Where do game developers stand? Unsurprisingly, most of them just want their games to run as well as possible on as much hardware as possible. But the situations that lead to the adoption of a particularly library or engine are themselves complex. When AMD announced in 2013 that every Frostbite 3 game would have a Mantle version, that was a significant agreement between two corporations. In some cases, Mantle delivered unique and interesting capabilities, but in others (Dragon Age: Inquisition comes to mind) the feature was of very modest benefit. The deals that AMD and Nvidia strike through programs like Gaming Evolved or The Way It’s Meant To Be Played can’t be easily summarized as “good” or “bad” for gamers, though some, including myself, have argued that this balkanized approach is bad for the industry as a whole.
Game On
The purpose of this story isn’t to declare for one side or another, but to illustrate the complexities that wrap around the entire GameWorks question. AMD and Nvidia both have a financial dog in this fight, but that doesn’t mean AMD is lying when it claims to value developer freedoms and the importance of source access. It also doesn’t mean that Nvidia is lying when it talks about wanting to deliver added value for its users and to push the envelope in terms of what’s possible in gaming.

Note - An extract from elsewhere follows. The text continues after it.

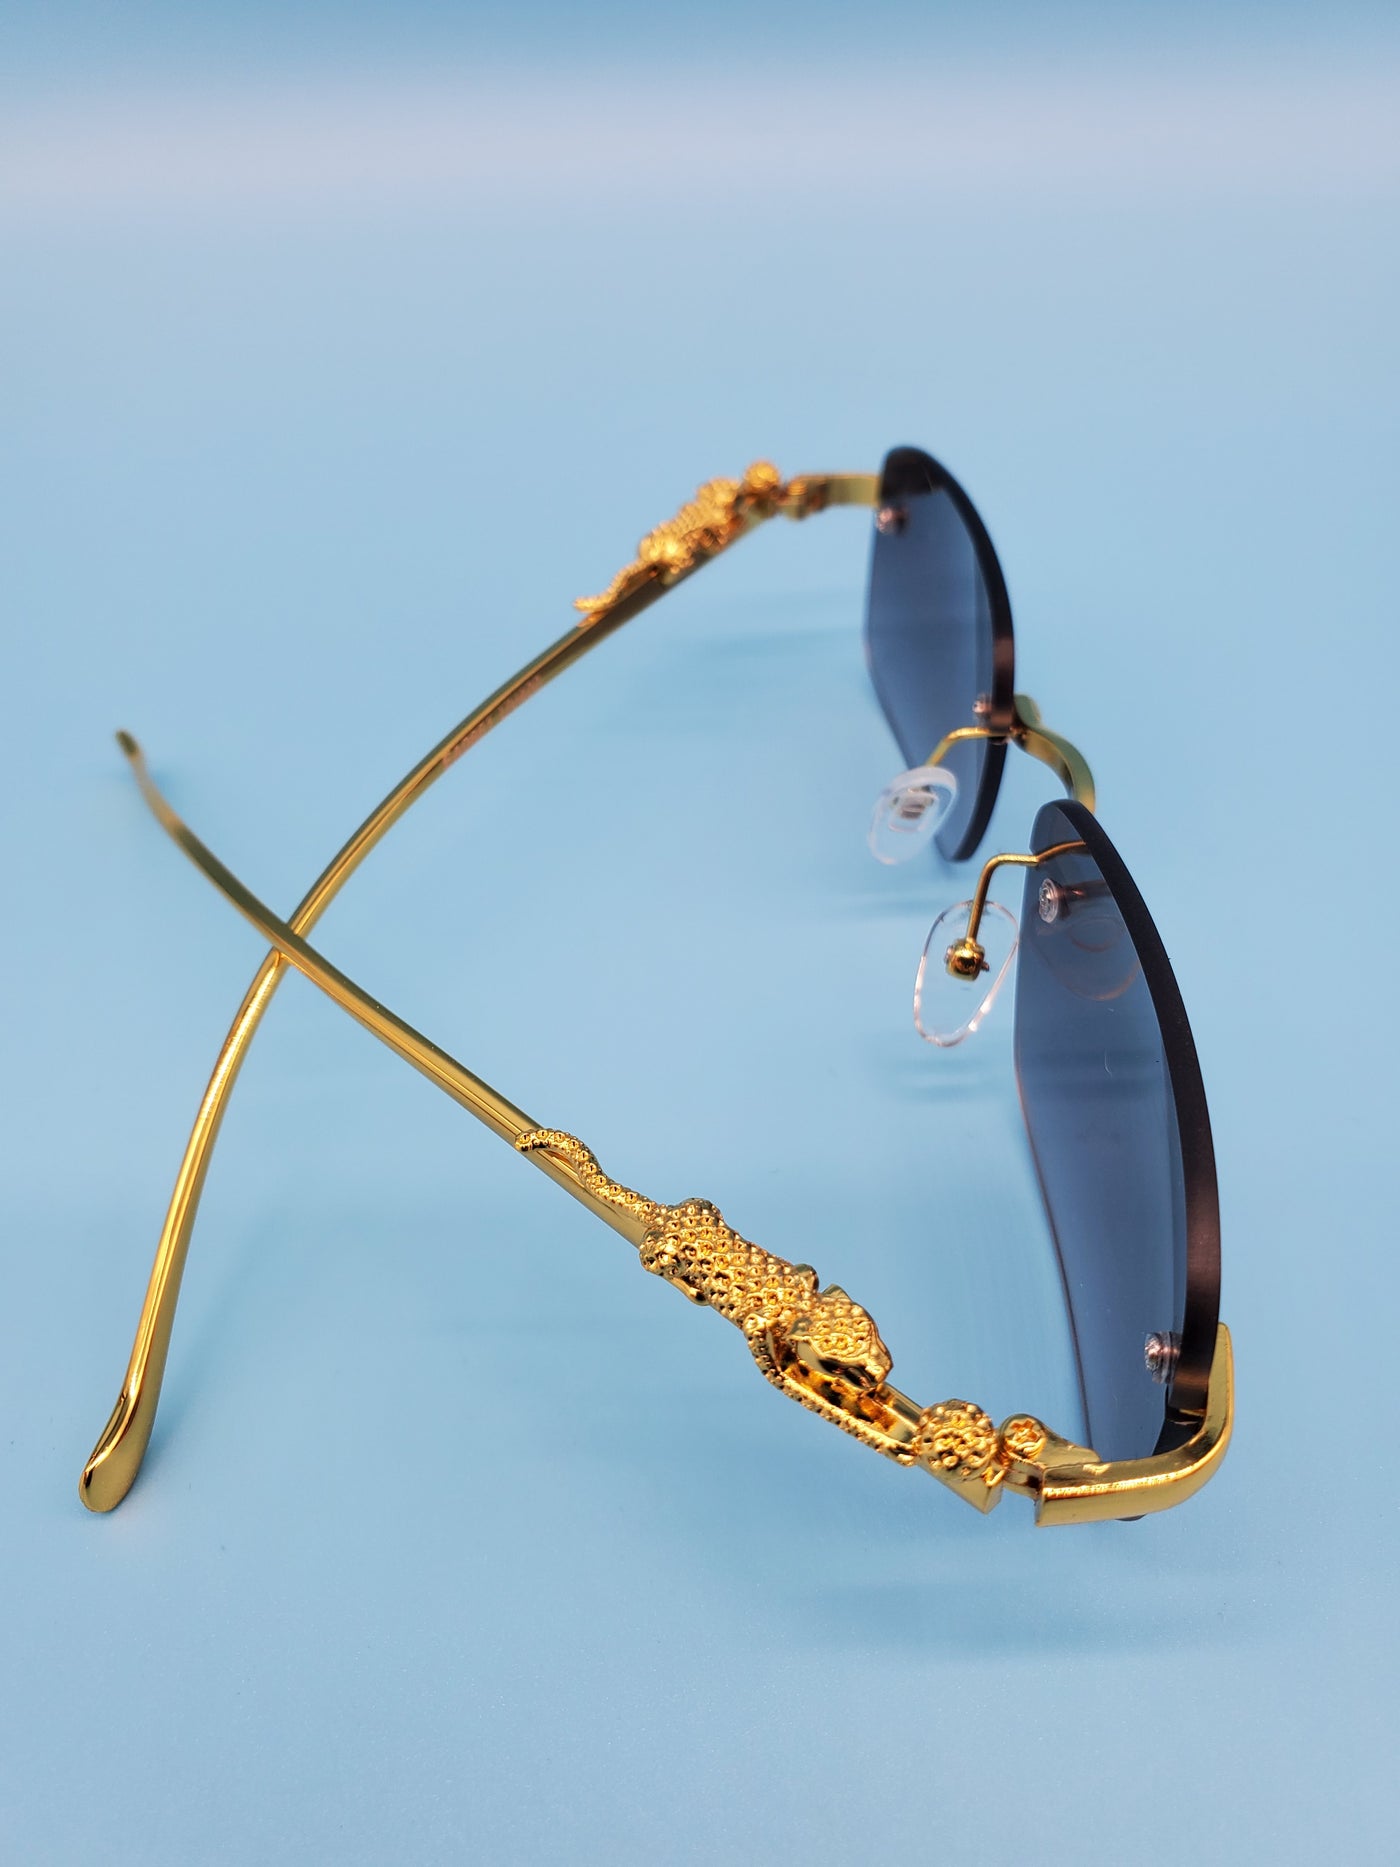 Classic Rimless Luxury Sunglasses

GameWorks has been used in a number of high-profile titles
To the best of my knowledge, no GameWorks title has been found to impair the general performance of any gamewhen run on an AMD Radeon card. (Arkham Origins definitely tilted towards Nvidia, but not for any reason that was linked to a GameWorks library.) It’s important to keep that in mind. It’s also fair to acknowledge that after the problems AMD had with Intel and its compiler shenanigans in the early 2000s, it has every reason to be wary of any effort that could be used to distort the developer ecosystem, particularly when it lacks the resources to pursue Nvidia’s driver-centric approach.
GameWorks isn’t going away — which means these issues likely aren’t, either. To be clear, they shouldn’t. The question of how game optimizations happen and which companies receive what considerations is critical to device support and overall game experience. This is an area where people are going to disagree — please keep comments polite and the conversation civil.